The reality is far more complex than that. Long term challenges exist. And short term thinkers will advertise this as a silver bullet.


The project took 40 years, if it takes another hundred, I think the Chinese will still continue on.


I don't know the details, but didn't it take the Chinese more than 40 years to learn how to grow rice in such quantities? It was really primitive genetic engineering.


Even more people!

Are we going to breed ourselves to the point we will live like caged chickens? Thats what the future looks like to me.

Having said that, are hunger issues down to lack of production or the politics of food distribution?


You mean like fish?


This reminds me of Incorporated (TV series), with a similar idea of using the deserts for seawater adapted crops. This is so fascinating to see being developed in real life and even more so to be marveled at in an exercise of forecasting the changes it ought to bring into the world. Just to pick a few such changes, this how the deserts will suddenly start worth something (and offer new reasons to be fought over, unfortunately). This is also how dramatic demographic booms took place over the history, so expect UAE to growth several times its current number of inhabitants; or next to it, in Saudi Arabia, expect a growth to something on the order of hundreds of millions!


As amazing as this sounds you've got to wonder what this rice would do to peoples' blood pressure.


Salt levels in food are largely guided by palate. If the amount of salt embedded in the harvested rice is significant relative to the overall sodium load of a typical meal, then its use will be limited to dishes that already contain added salt. In which case salt embedded in the rice will be largely offset by reduced amounts of added salt, keeping the overall dish in balance.

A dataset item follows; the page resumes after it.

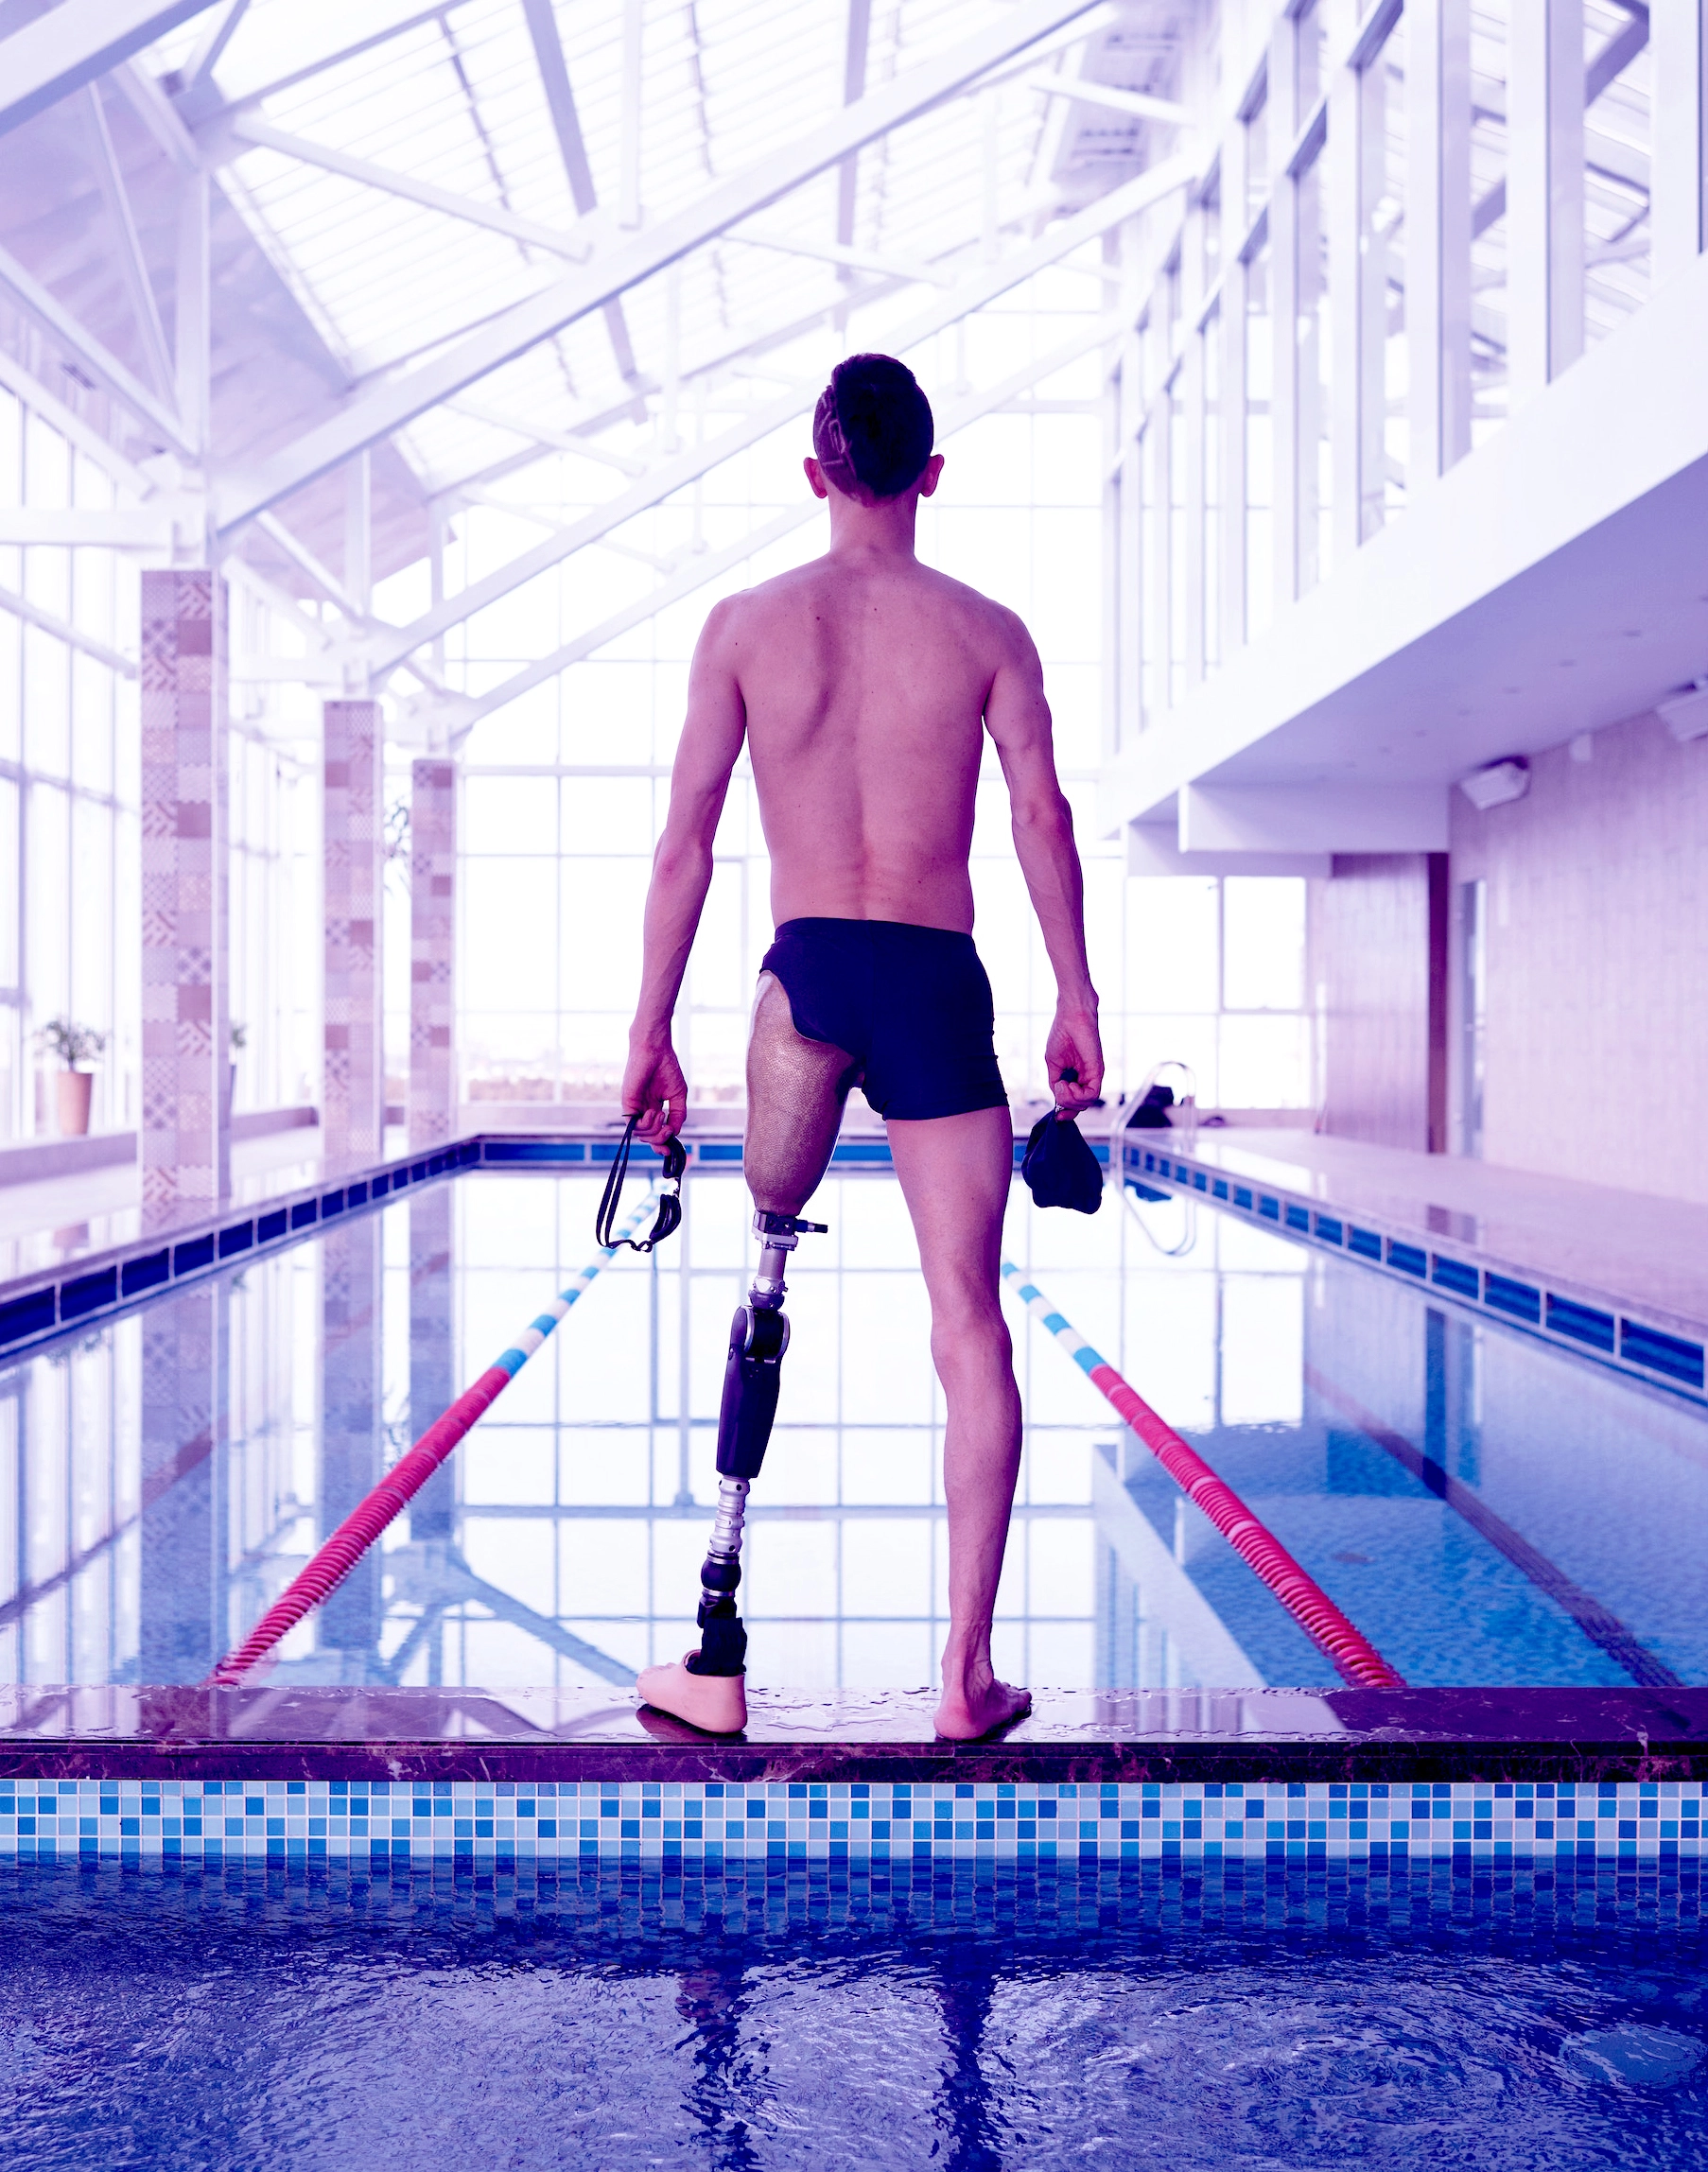 Person with a leg prosthetic standing in front of a swimming pool, their back towards the camera

Also it should be noted that the link between high salt intake and negative cardiovascular health outcomes is disputed and is likely less significant than the current mainstream medical advice claims. (Like everything related to dietary science, the evidence on both sides of any argument is poor at best. So take it with a grain of salt. Ha.)


They need to dilute the seawater with freshwater


My take: Resources, though limited, are not fixed. Their availability also depends on science and technology available.

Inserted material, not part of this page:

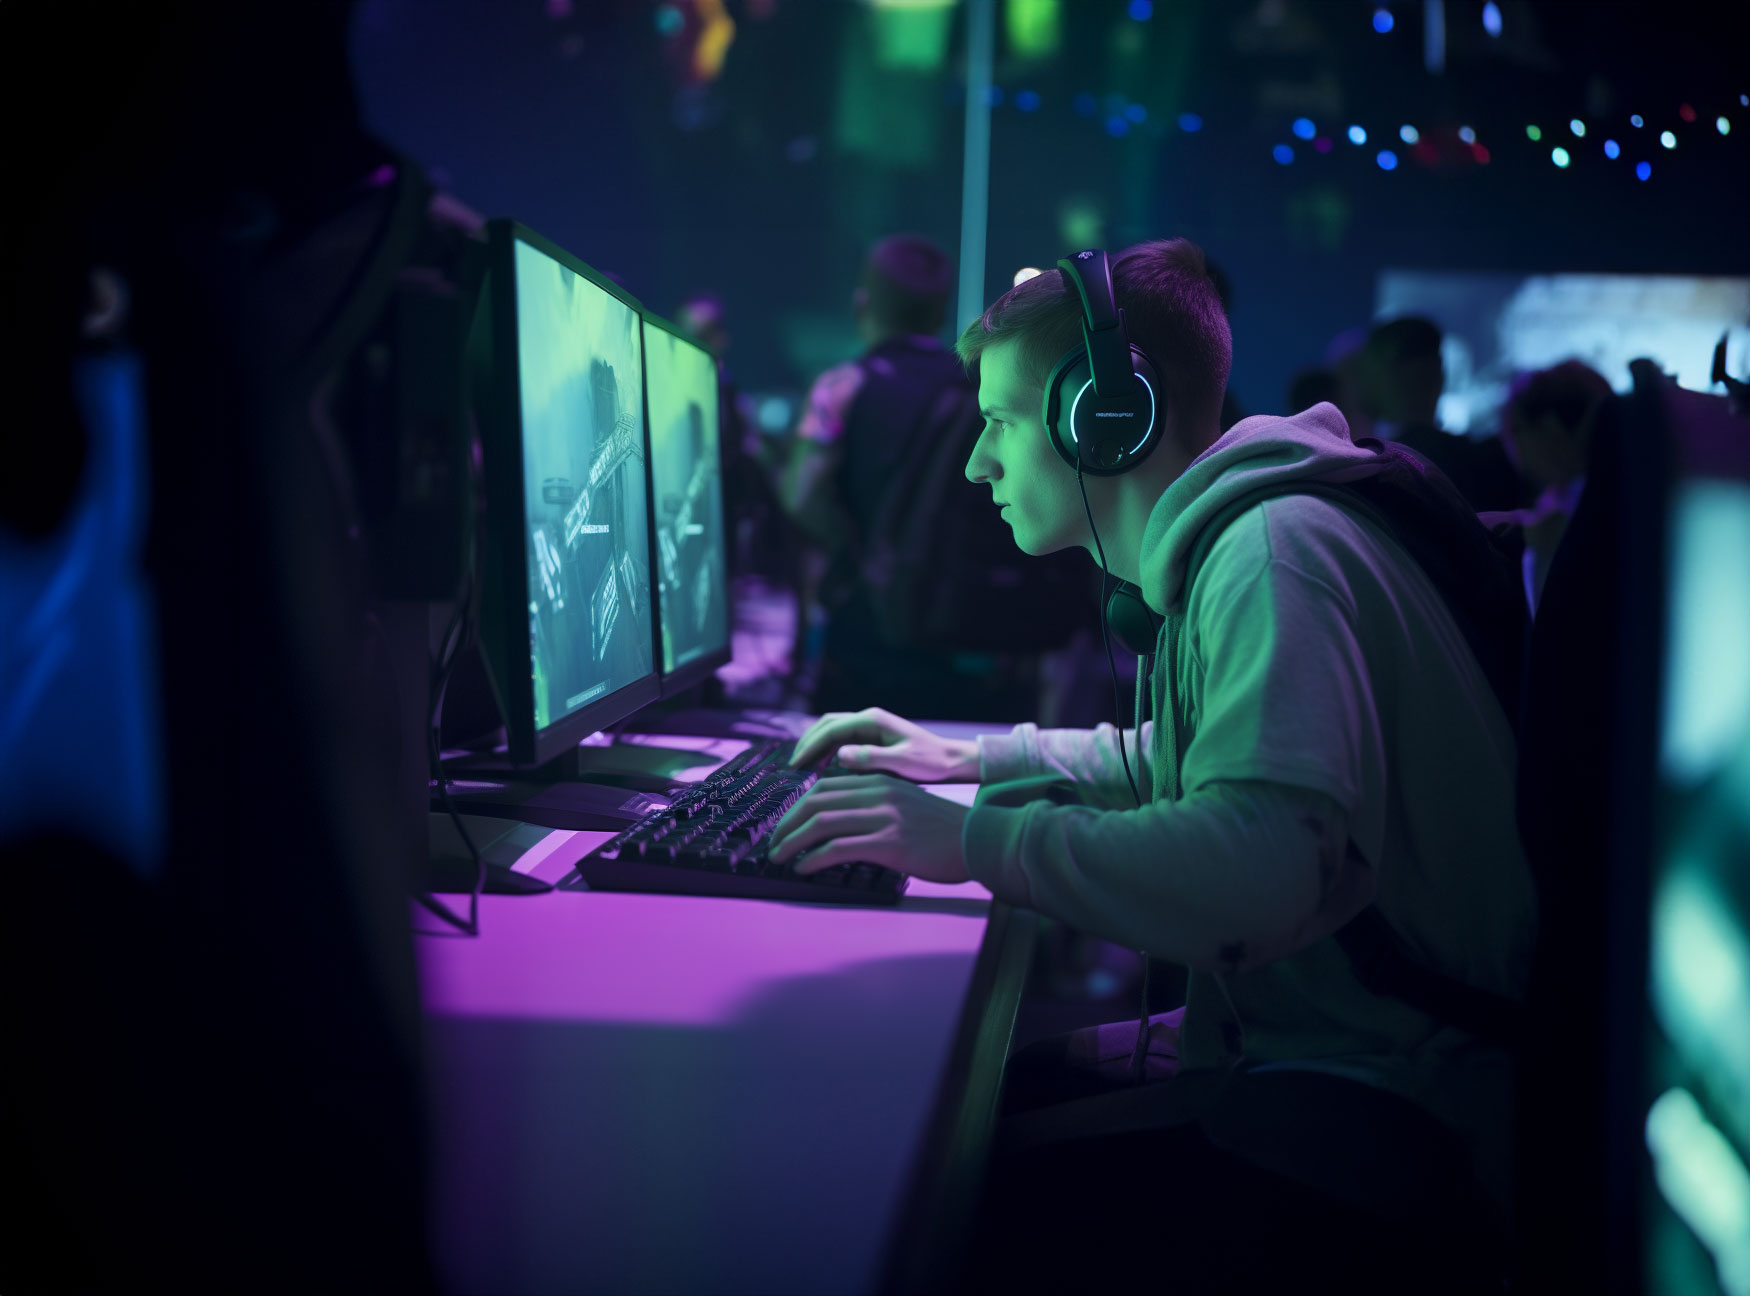 nevets2 gamer is on his computer screen at a gaming convention 45e2dd9b 19f8 470f bb58 50318c6f7525 groesser 01

Were the rice invented using genomics or genetics?


Doesn't look like it, just old fashioned selective breeding.


Selective breeding is genetics, just the old school way of doing it.


Selective breeding is genomics. Genetics is when specific genes are artificially inserted


Neither of these statements is true.


The network activity on this page is ridiculous.

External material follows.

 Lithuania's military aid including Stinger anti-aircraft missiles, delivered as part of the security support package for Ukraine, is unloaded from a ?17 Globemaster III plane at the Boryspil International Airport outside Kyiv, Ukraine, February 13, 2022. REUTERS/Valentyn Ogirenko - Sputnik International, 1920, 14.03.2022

IIRC there's some kind of Evangelical prophecy about the ability to grow food in the desert being a sign of the apocalypse. This should go well with Trump's stance on Israel and unpredictability regarding nuclear strategy. ಠ_ಠ


People have been growing food in California for a long, long time though.


Not only California.

The same could be said for Saudi Arabia.

https://en.wikipedia.org/wiki/Irrigation_in_Saudi_Arabia#/me...

(and also in Libya IIRC)


So so I still need to add salt to the cooking water?


Talk about trading your future for a relatively brief, near-term gain. This is just going to salt the land cumulatively until nothing will grow there, ever.


In the desert? :)


Yes, using saltwater is making a bad situation worse.

Much of the desert you just need to add fresh water and you can grow things. If you salt the land in the process, that's not going to be the case for long, even with brackish-tolerant species.

"Despite its aridity, the Mojave (and particularly the Antelope Valley in its southwest) has long been a center of alfalfa production; fed by irrigation coming from groundwater and (in the 20th century) from the California Aqueduct." [1]

We grow things in the desert, much of California would be dry desert land if not for simple irrigation - California grows a massive proportion of our food.

[1] https://en.wikipedia.org/wiki/Mojave_Desert#Climate


But where would Dubai ever get fresh water from naturally?

It’s not a bad situation worse; it’s a hopeless situation better.


Only if your position is that desalination of their abundant saltwater is hopeless.

Why you would take that position escapes me.